▶ WHAT IS REQUIRED
Write out the entries below exactly, but only from the line containing "TEEK - Wide" through the line containing "Professional 12/20 Sketch", and without the pictures.

▶ THE DATA
Content starts

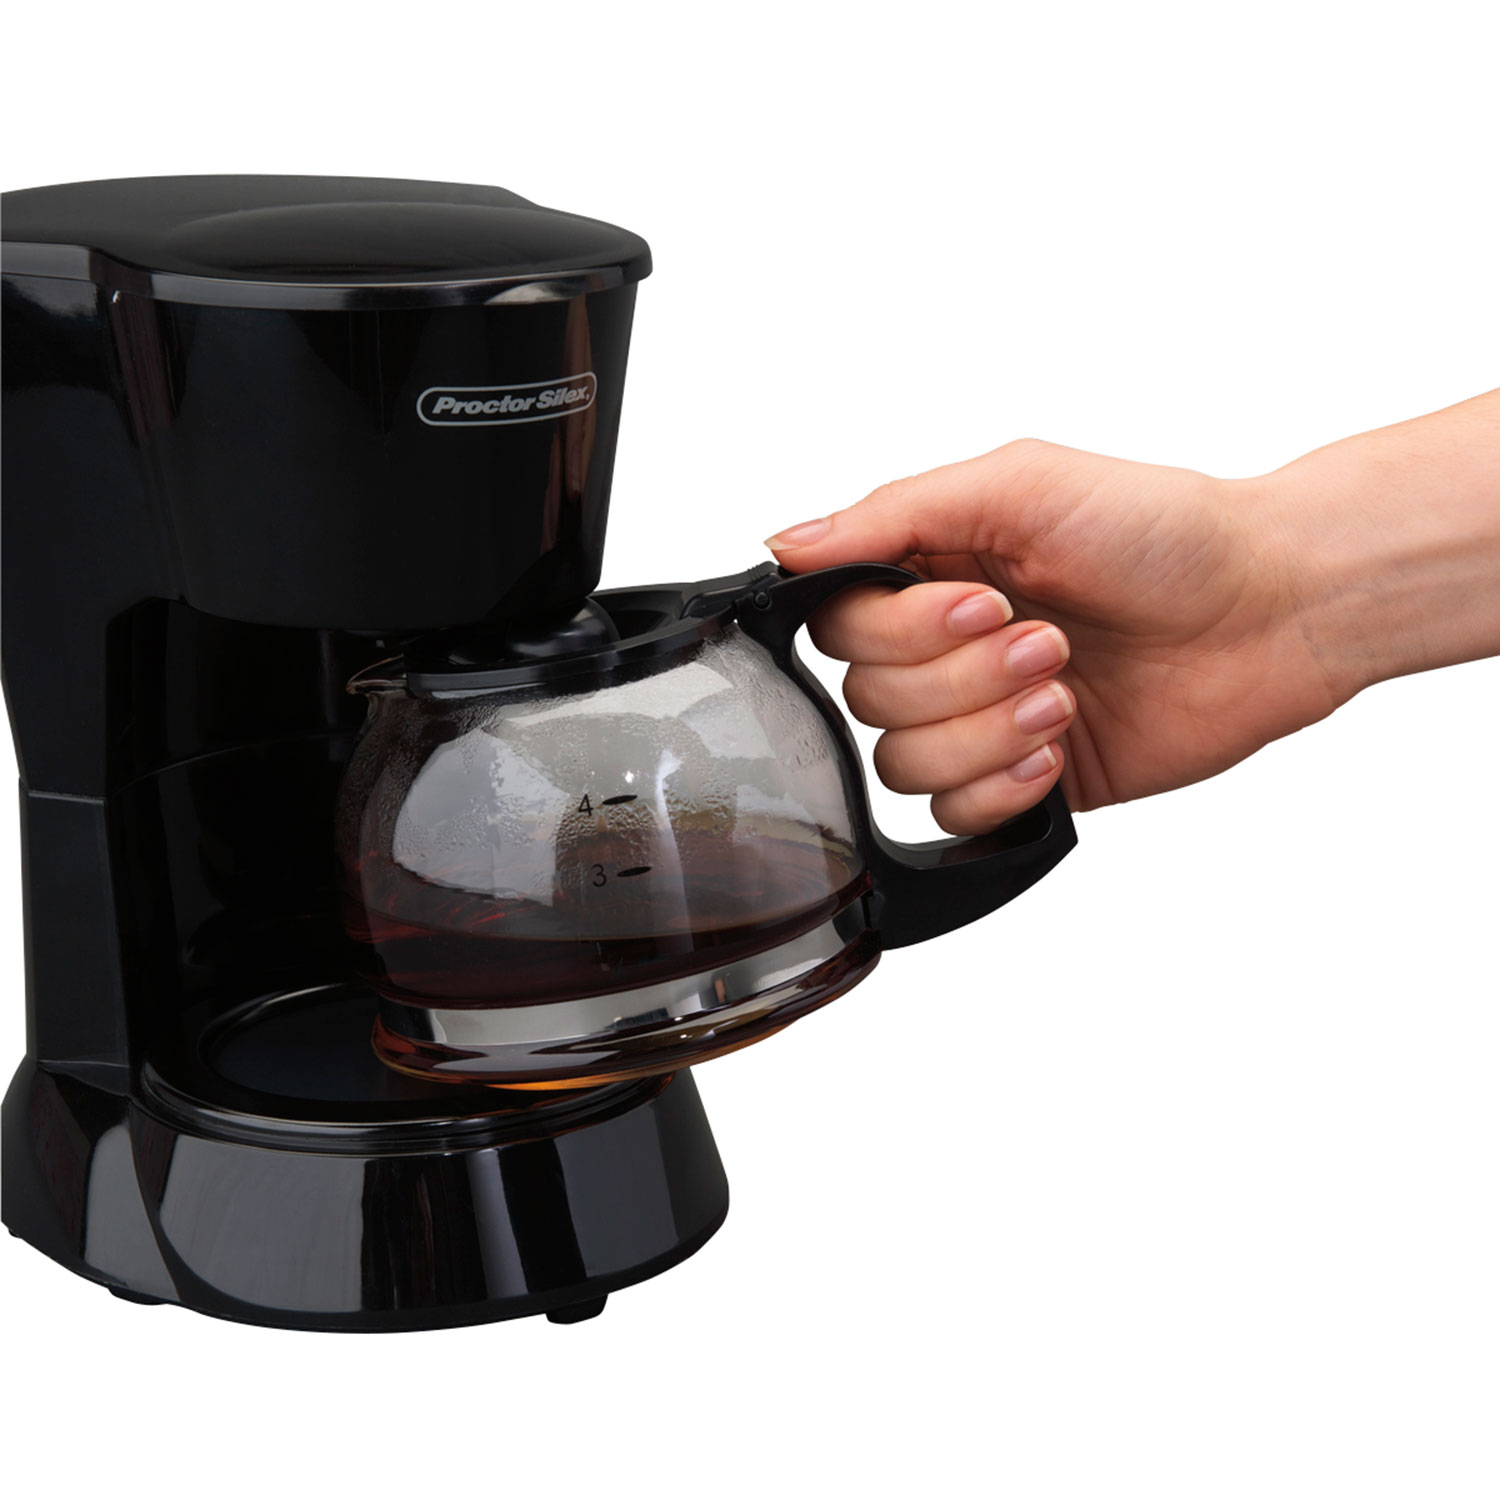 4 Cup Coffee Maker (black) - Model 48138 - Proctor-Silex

Content ends
Content starts

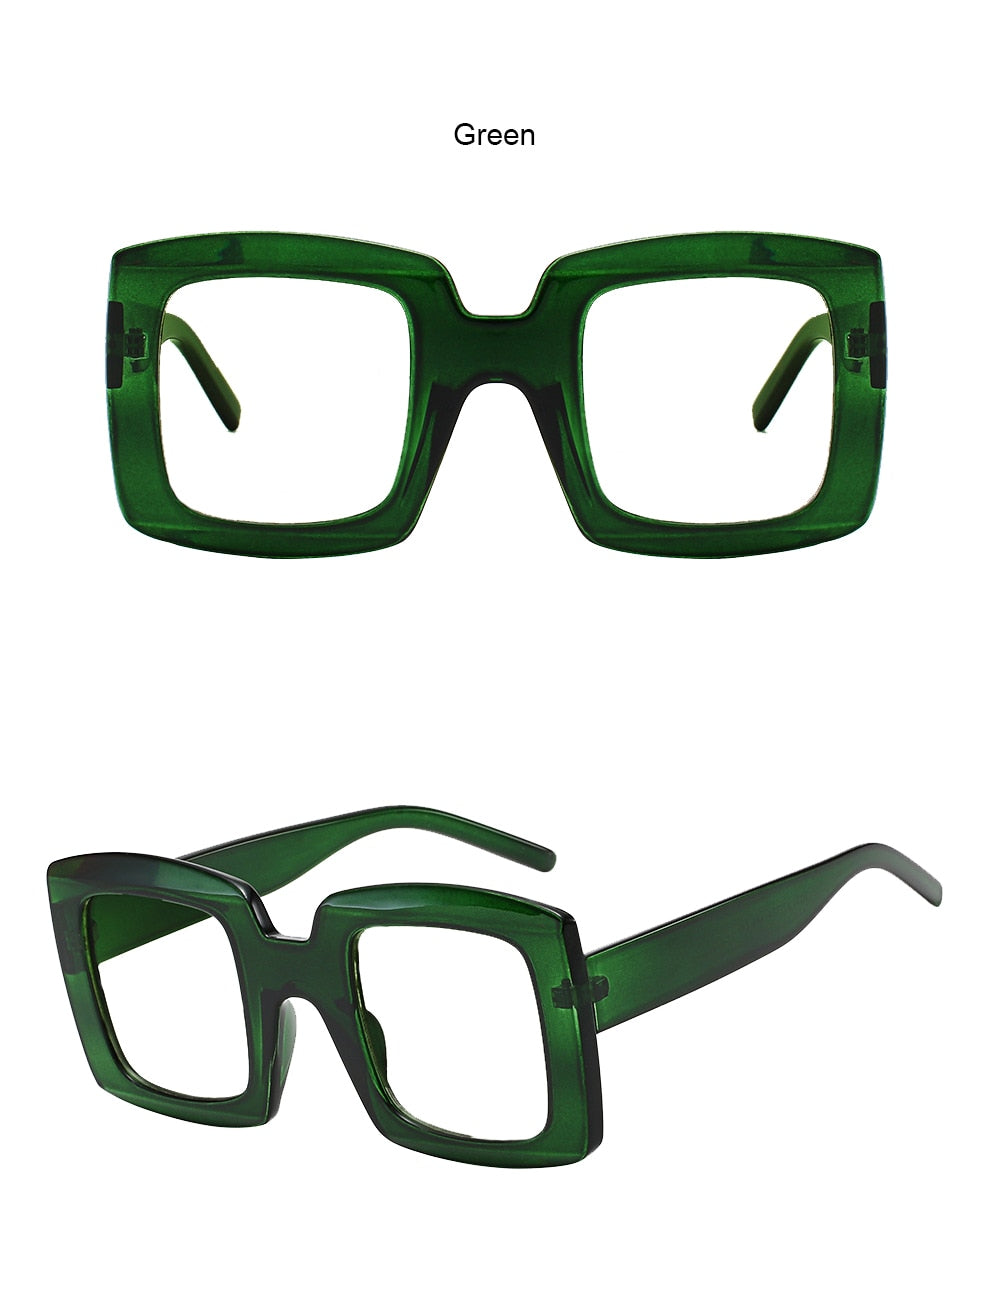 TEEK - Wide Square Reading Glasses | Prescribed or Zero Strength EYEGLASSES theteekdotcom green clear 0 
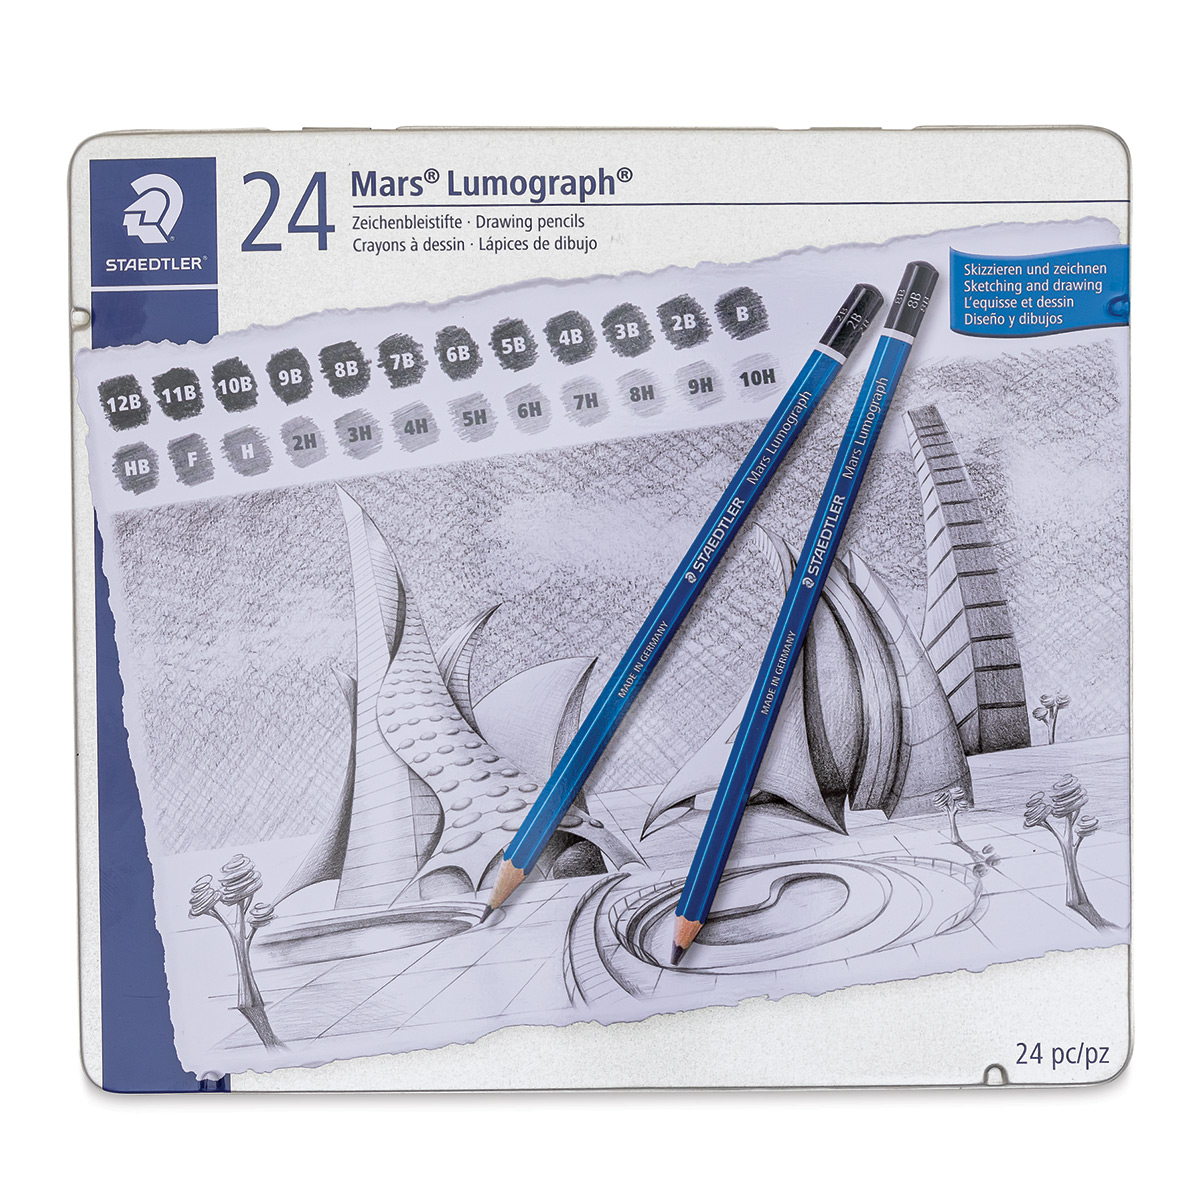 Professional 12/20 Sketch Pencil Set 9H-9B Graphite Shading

Content ends
Content starts

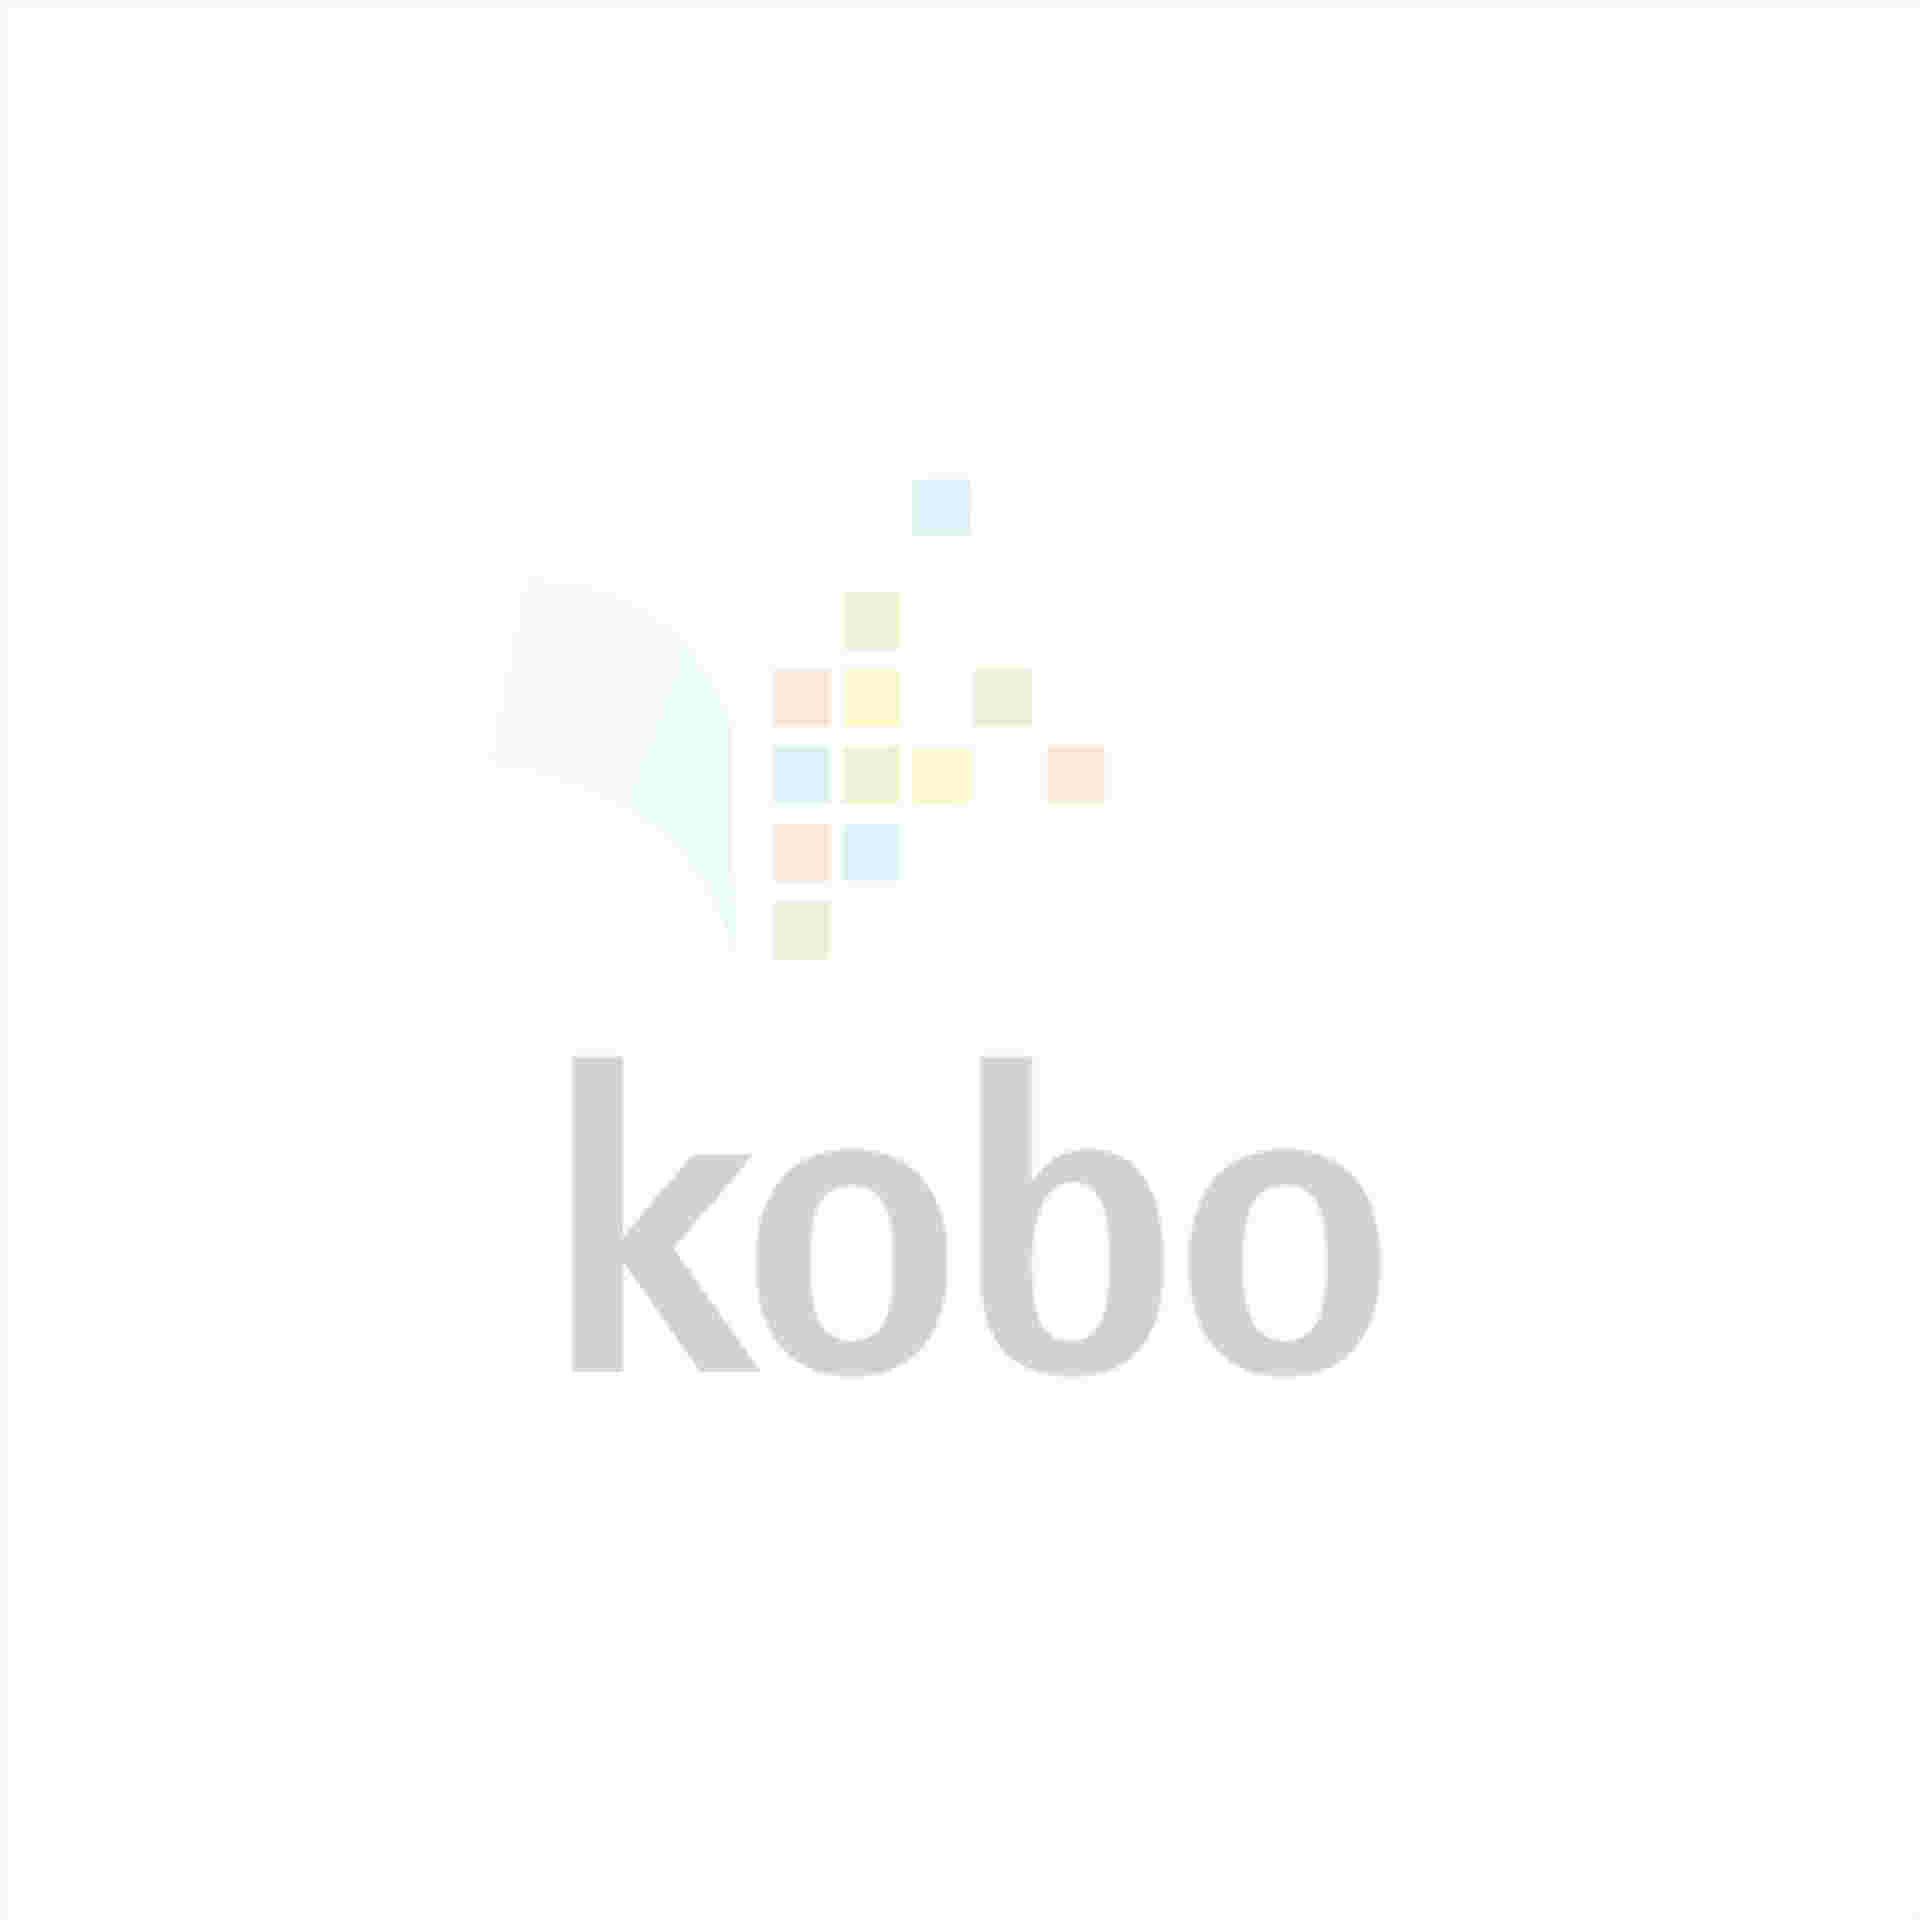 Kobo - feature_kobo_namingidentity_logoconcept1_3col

Content ends

▶ THE COMPLETED TASK
 TEEK - Wide Square Reading Glasses | Prescribed or Zero Strength EYEGLASSES theteekdotcom green clear 0 
 Professional 12/20 Sketch Pencil Set 9H-9B Graphite Shading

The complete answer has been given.